Dukung Ketahanan Pangan, Indonesia Butuh Tambahan Fasilitas Iradiasi

Redaktur: Muhsin Efri Yanto

Plt. Deputi Pendayagunaan Teknologi Nuklir BATAN Hendig Winarno saat dihubungi, Jumat (17/7/2020) - Foto Ranny Supusepa

JAKARTA — Badan Tenaga Nuklir Nasional (BATAN) terus berupaya untuk memberikan manfaat dari pengembangan teknologi nuklir, salah satunya dalam bidang pangan. Tapi saat ini ketersediaan pelayanan untuk iradiasi pangan dinilai masih sangat kurang.

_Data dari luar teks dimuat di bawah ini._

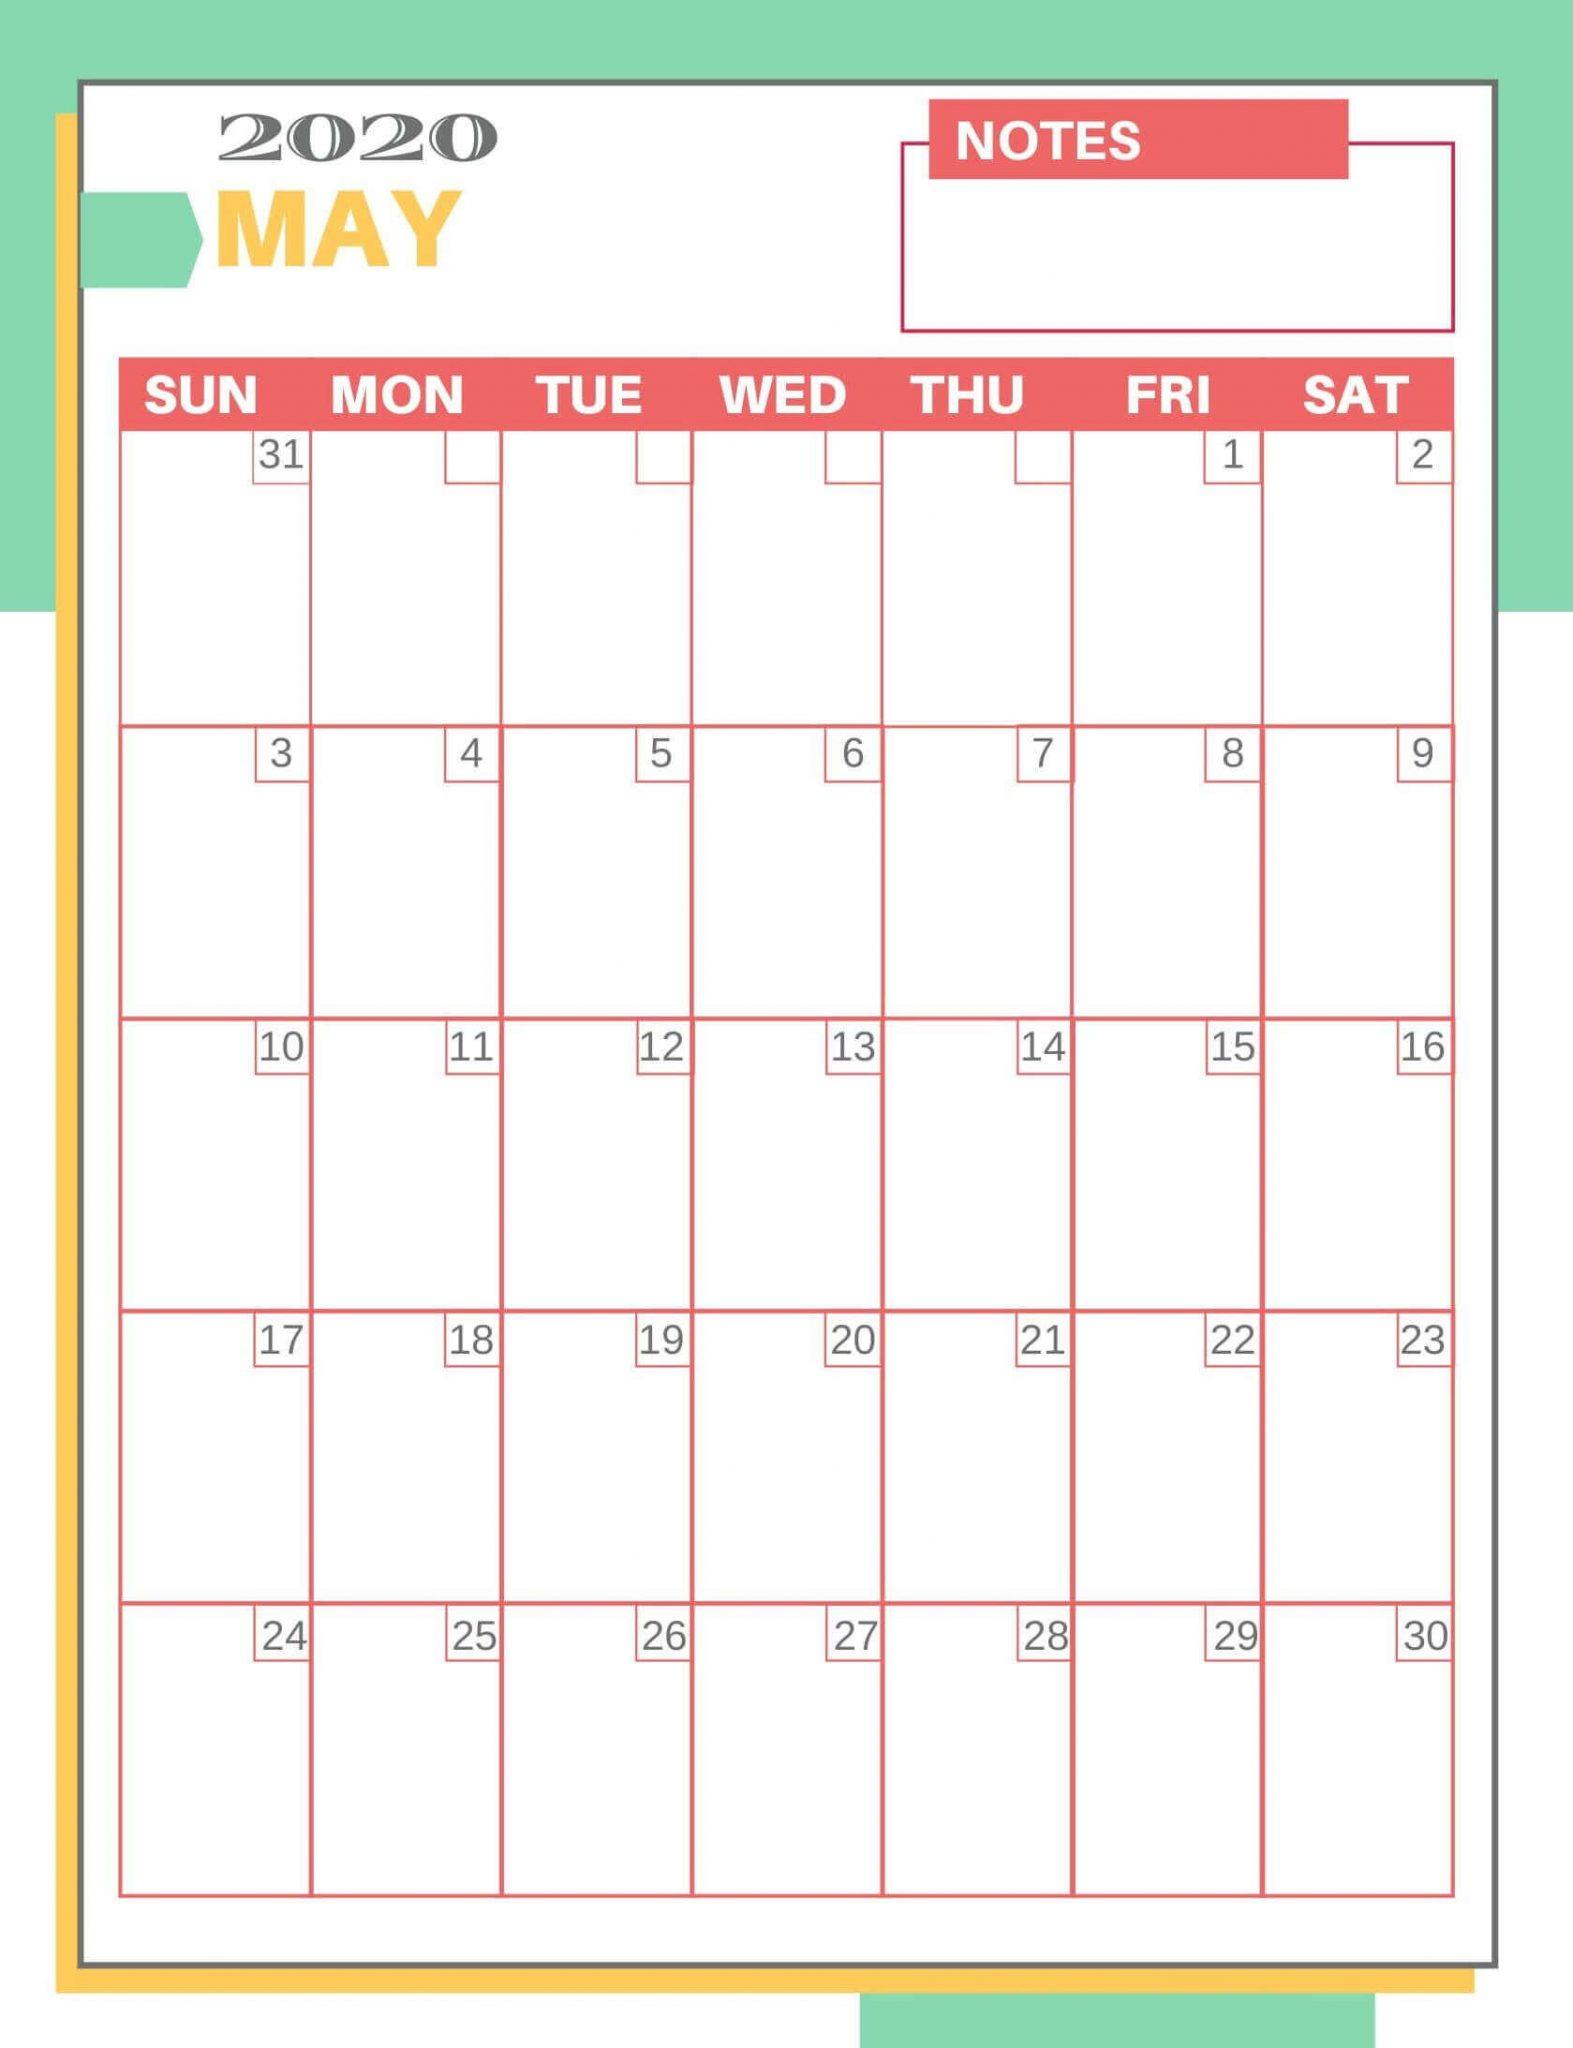 Free May 2020 Printable Calendar PDf

Untuk mengembangkannya, membutuhkan peran aktif dari pemerintah daerah, badan usaha dan pihak swasta.

Pelaksana Tugas Deputi Pendayagunaan Teknologi Nuklir BATAN, Hendig Winarno menyatakan, iradiasi merupakan salah satu alternatif untuk memperpanjang umur simpan dan menurunkan cemaran mikroba pada suatu bahan, baik pangan, bahan baku maupun bahan herbal.

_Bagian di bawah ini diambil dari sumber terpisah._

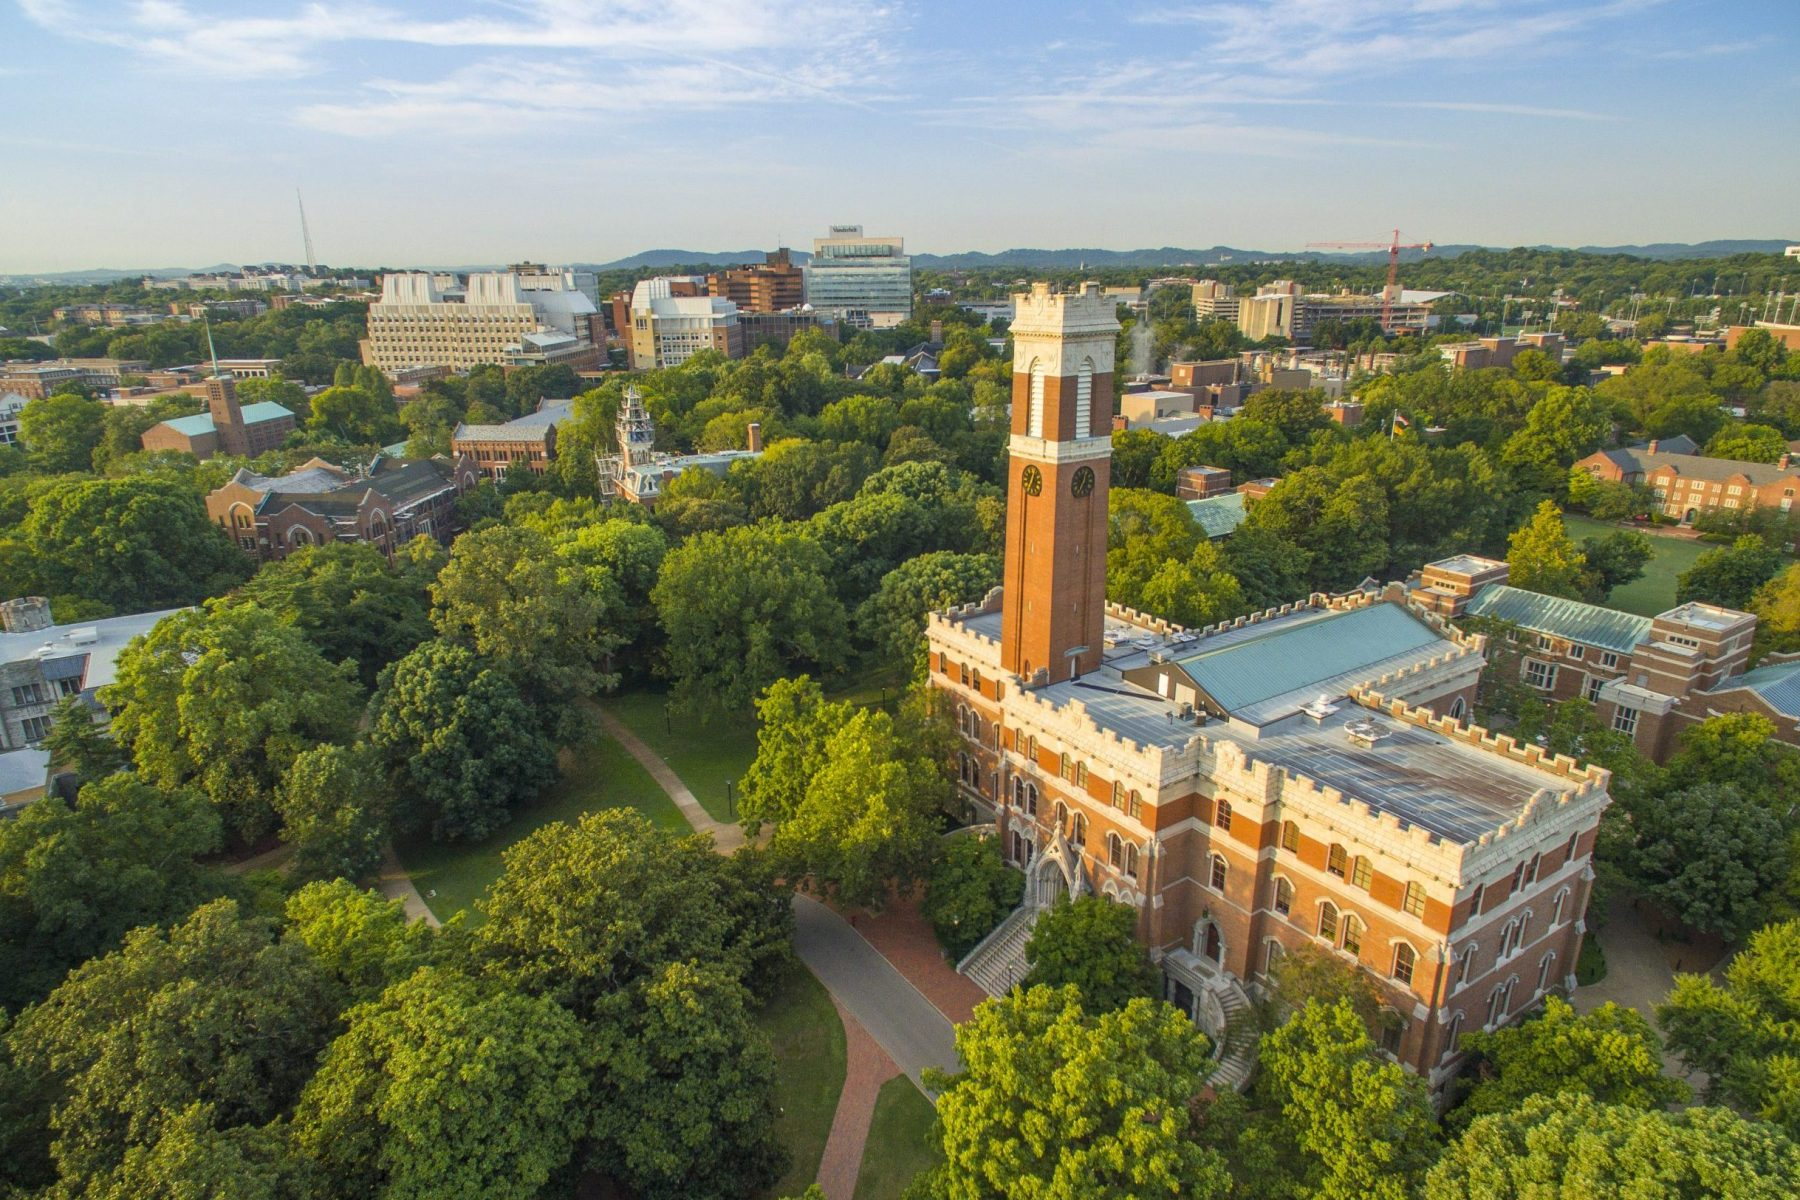 aerial campus photo with Kirkland Hall

“Fasilitas iradiator yang dimiliki oleh BATAN menggunakan sinar gamma dari Cobalt 60 atau Cesium 137 untuk meradiasi sifat fisik, kimia maupun biologi, dengan tujuan meningkatkan mutu, nilai, kegunaan dari suatu bahan pangan,” kata Hendig saat dihubungi, Jumat (17/7/2020).

Ia memaparkan bahwa dengan posisi Indonesia yang berada di daerah tropis, maka potensi untuk mengalami kerusakan bisa mencapai 60-70 persen.

“Karena itu, dibutuhkan sterilisasi dan pengawetan yang memanfaatkan sinar gamma untuk dapat mencapai pengolahan paska panen maksimal,” urainya.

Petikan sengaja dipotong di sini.